Setup Network
=============

A ``dask.distributed`` network consists of one ``Scheduler`` node and several
``Worker`` nodes.  One can set these up in a variety of ways


Using the Command Line
----------------------

We launch the ``dask-scheduler`` executable in one process and the
``dask-worker`` executable in several processes, possibly on different
machines.

Launch ``dask-scheduler`` on one node::

   $ dask-scheduler
   Start scheduler at 192.168.0.1:8786

Then launch ``dask-worker`` on the rest of the nodes, providing the address to the
node that hosts ``dask-scheduler``::

   $ dask-worker 192.168.0.1:8786
   Start worker at:            192.168.0.2:12345
   Registered with center at:  192.168.0.1:8786

   $ dask-worker 192.168.0.1:8786
   Start worker at:            192.168.0.3:12346
   Registered with center at:  192.168.0.1:8786

   $ dask-worker 192.168.0.1:8786
   Start worker at:            192.168.0.4:12347
   Registered with center at:  192.168.0.1:8786

There are various mechanisms to deploy these executables on a cluster, ranging
from manualy SSH-ing into all of the nodes to more automated systems like
SGE/SLURM/Torque or Yarn/Mesos. Additionally, cluster SSH tools exist to
send the same commands to many machines. One example is `tmux-cssh`__.

.. note::

  - The scheduler and worker both need to accept TCP connections.  By default
    the scheduler uses port 8786 and the worker binds to a random open port.
    If you are behind a firewall then you may have to open particular ports or
    tell Dask to use particular ports with the ``--port`` and ``-worker-port``
    keywords.    Other ports like 8787, 8788, and 8789 are also useful to keep
    open for the diagnostic web interfaces.
  - More information about relevant ports is available by looking at the help
    pages with ``dask-scheduler --help`` and ``dask-worker --help``

__ https://github.com/dennishafemann/tmux-cssh


Using SSH
---------

The convenience script ``dask-ssh`` opens several SSH connections to your
target computers and initializes the network accordingly. You can
give it a list of hostnames or IP addresses::

   $ dask-ssh 192.168.0.1 192.168.0.2 192.168.0.3 192.168.0.4

Or you can use normal UNIX grouping::

   $ dask-ssh 192.168.0.{1,2,3,4}

Or you can specify a hostfile that includes a list of hosts::

   $ cat hostfile.txt
   192.168.0.1
   192.168.0.2
   192.168.0.3
   192.168.0.4

   $ dask-ssh --hostfile hostfile.txt

The ``dask-ssh`` utility depends on the ``paramiko``::

    pip install paramiko


Using a Shared Network File System and a Job Scheduler
------------------------------------------------------

Some clusters benefit from a shared network file system (NFS) and can use this
to communicate the scheduler location to the workers::

   dask-scheduler --scheduler-file /path/to/scheduler.json

   dask-worker --scheduler-file /path/to/scheduler.json
   dask-worker --scheduler-file /path/to/scheduler.json

.. code-block:: python

   >>> client = Client(scheduler_file='/path/to/scheduler.json')
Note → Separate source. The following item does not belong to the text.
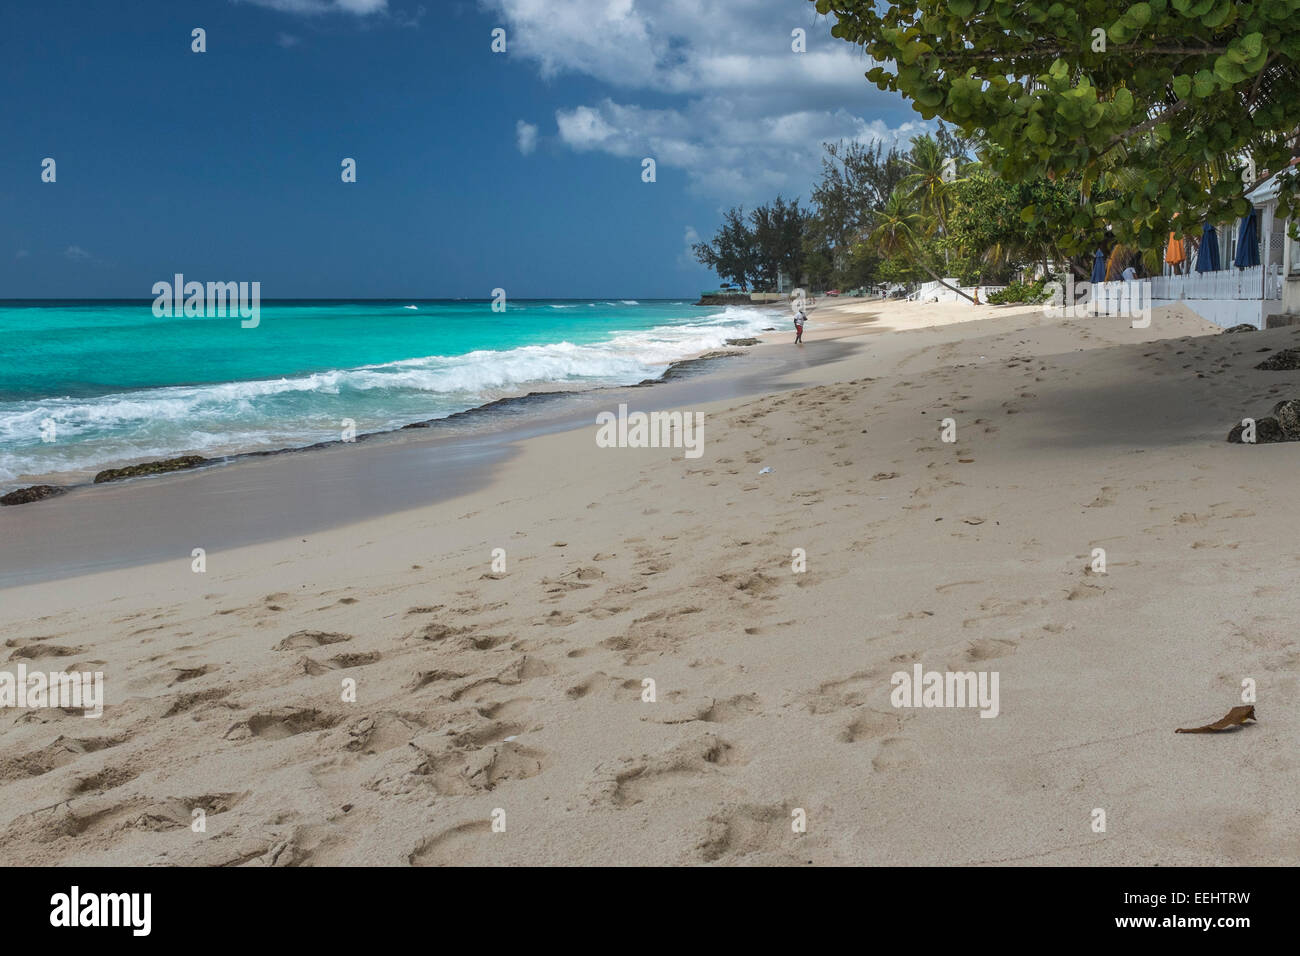 Tourists on Worthing Beach on the south coast of the Caribbean island of Barbados in the West Indies - EDITORIAL USE ONLY Stock Photo

This can be particularly useful when deploying ``dask-scheduler`` and
``dask-worker`` processes using a job scheduler like
``SGE/SLURM/Torque/etc..``  Here is an example using SGE's ``qsub`` command::

    # Start a dask-scheduler somewhere and write connection information to file
    qsub -b y /path/to/dask-scheduler --scheduler-file /path/to/scheduler.json

    # Start 100 dask-worker processes in an array job pointing to the same file
    qsub -b y -t 1-100 /path/to/dask-worker --scheduler-file /path/to/scheduler.json

Note, the ``--scheduler-file`` option is *only* valuable if your scheduler and
workers share a standard POSIX file system.


Using MPI
---------

You can launch a Dask network using ``mpirun`` or ``mpiexec`` and the
``dask-mpi`` command line executable.

.. code-block:: bash

   mpirun --np 4 dask-mpi --scheduler-file /path/to/scheduler.json

.. code-block:: python

   from dask.distributed import Client
   client = Client(scheduler_file='/path/to/scheduler.json')

This depends on the `mpi4py <http://mpi4py.readthedocs.io/>`_ library.  It only
uses MPI to start the Dask cluster, and not for inter-node communication.  You
may want to specify a high-bandwidth network interface like infiniband using
the ``--interface`` keyword

.. code-block:: bash

   mpirun --np 4 dask-mpi --nthreads 1 \
                          --interface ib0 \
                          --scheduler-file /path/to/scheduler.json

Using the Python API
--------------------

Alternatively you can start up the ``distributed.scheduler.Scheduler`` and
``distributed.worker.Worker`` objects within a Python session manually.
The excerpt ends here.